Hi,
I am planning to re-analyze the scRNA-seq data on SRA (SRR9713131, https://www.ncbi.nlm.nih.gov/sra/?term=SRR9713131). According to the description of this data it is pair-end data and the first end contain sequence of UMI. However, I found the sequence of this data is single end that in “Reads” sheet of “Run Browser” page. I downloaded it (sra-format file) and converted it into fastq-format using SRAtoolkit and confirmed it indeed is single-end.
My questions are below:
Is it really a single-end data instead of pair-end data? Did I make some mistake?
How and why does this data pass the quality check if it is single-end, since single-end of scRNA-seq is no use?
Hi, ale_abd,
Thank you for your replying.
Actually, I tried to convert it from SRA-format to fastq-format using fastq-dump with --split-files. However, it came out to be single-end.
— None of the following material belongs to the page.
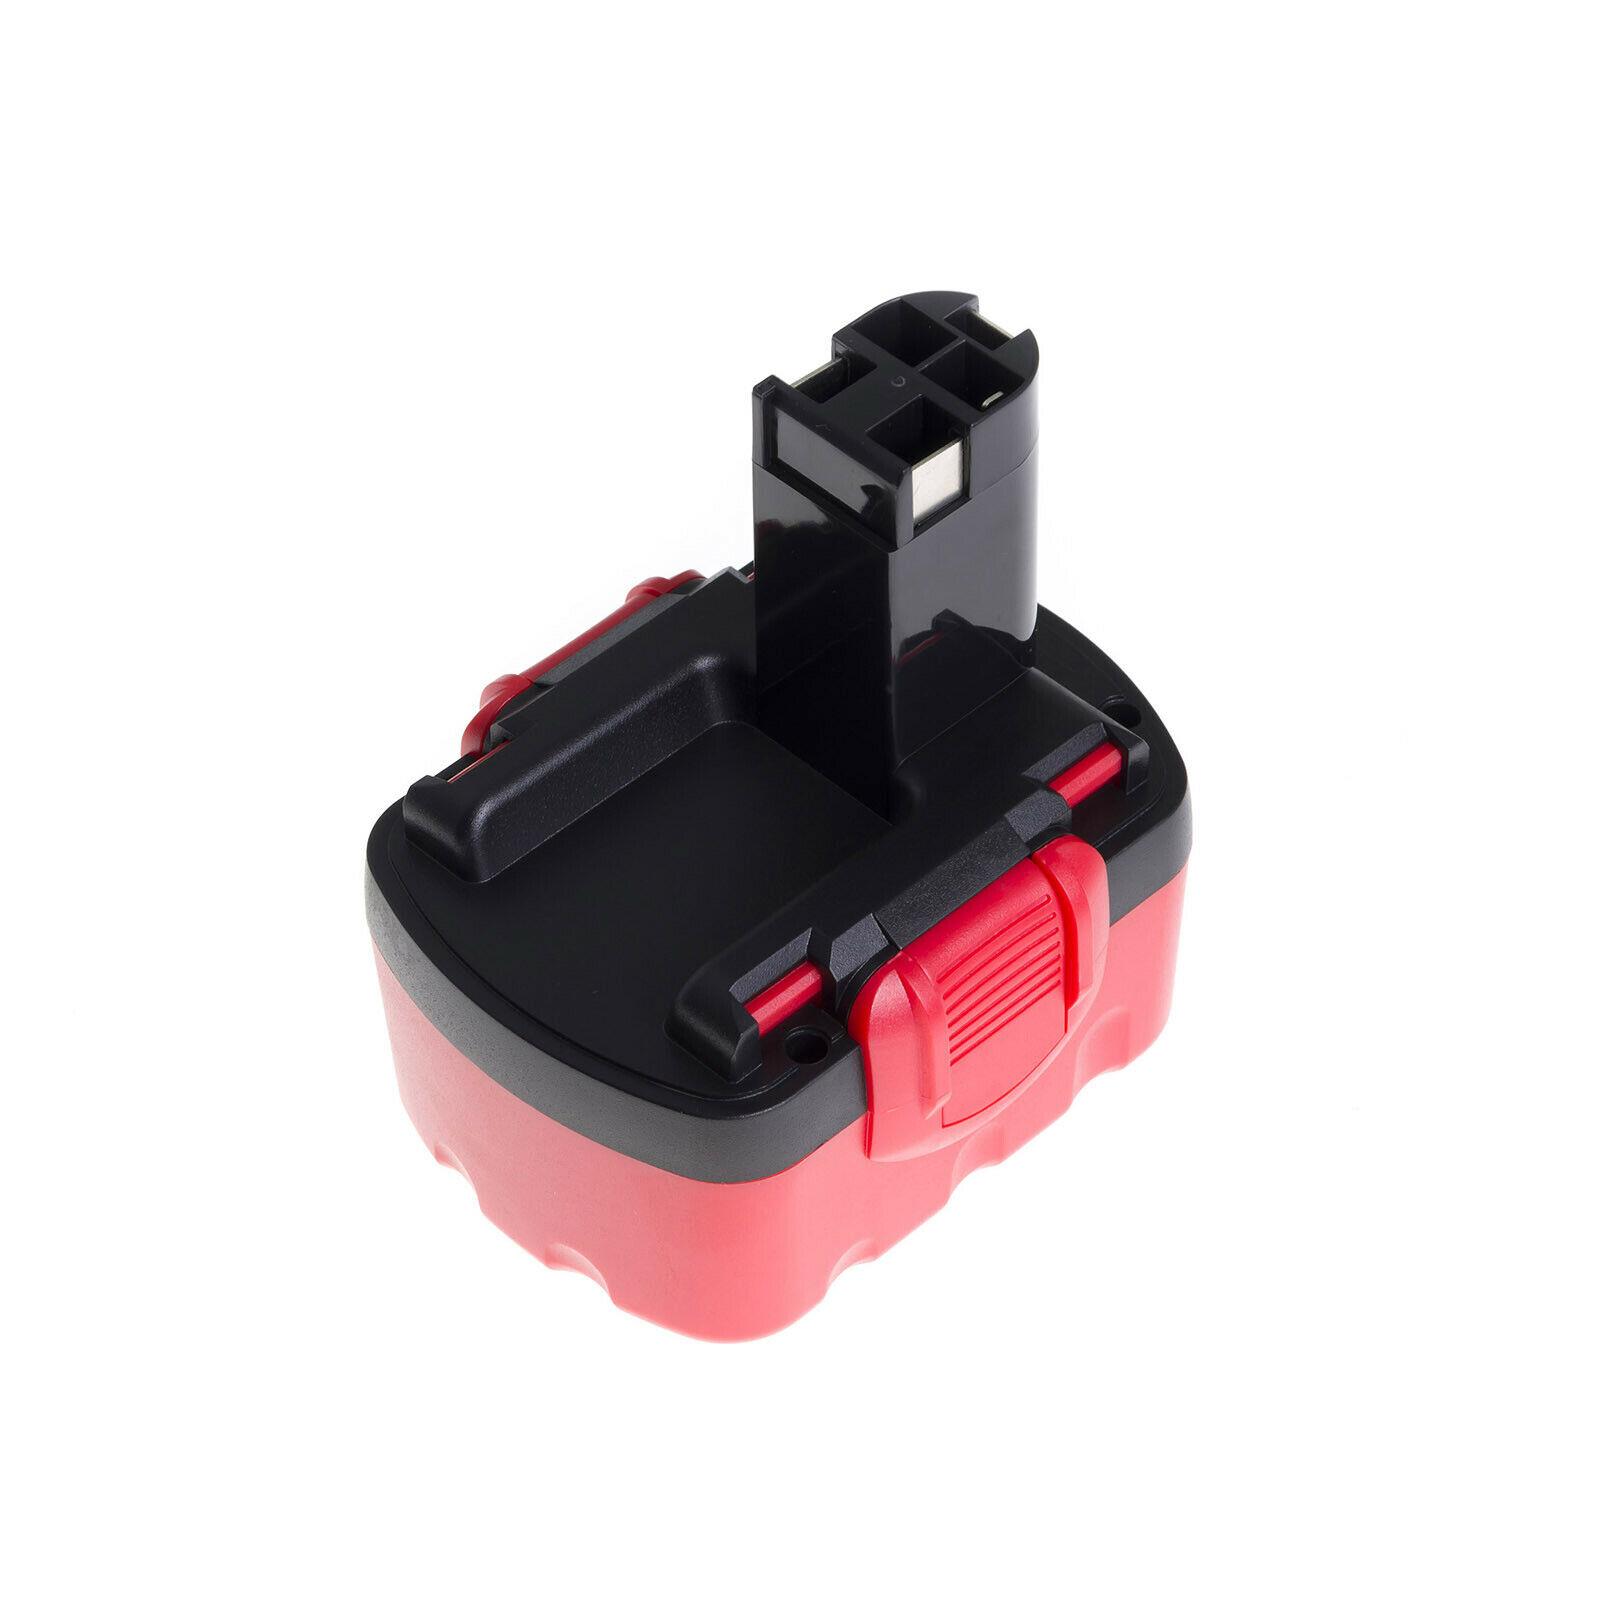 14.4V 3.0Ah Bosch PSR 14.4-2 2 607 335 711 2607335711 Cordless Drill kompatybilny bateria

Next, if you click the “Reads” tab on page https://trace.ncbi.nlm.nih.gov/Traces/sra/?run=SRR9713131. You will find the first 10 reads in this data. Then you can compared it with other data in the same dataset like https://trace.ncbi.nlm.nih.gov/Traces/sra/?run=SRR9713123#. You will find the difference.
However, I found that it seem to be permited to download raw fastq file in the "data acess" tab as you mentioned. I am trying to download it. I feel the difference may be there are three files in this data not two as the other data in the same dataset.
Do you agree with me after trying them?
Thanks
Hi,
I agree with you, In the sample that you have mentioned, there are three files. Although you can find other runs from the same project with only two files, sometimes this third file is or unpaired data or it can also be the index (some old related posts: here and here). If you see the third file, all the sequences are 8 bases length and they match with the index, so you can just discard that file...
Cheers.
This is data from 10x so you would need to download all three fastq files from data access tab (Index reads are present in a separate file when 10x cellranger software does demux). Use the original format data links rather than SRA ones.
Do you mean that I need all of three files to run "cellranger count"?
The other data in the same dataset, such as "https://trace.ncbi.nlm.nih.gov/Traces/sra/?run=SRR9713123#", contains only two files and the running of cellranger count is just fine using these two files.
Why I use all the three files for this data?
The third file contain only index, it is already added onto the header of each reads in the other two files. I think it is uneless. Is it right?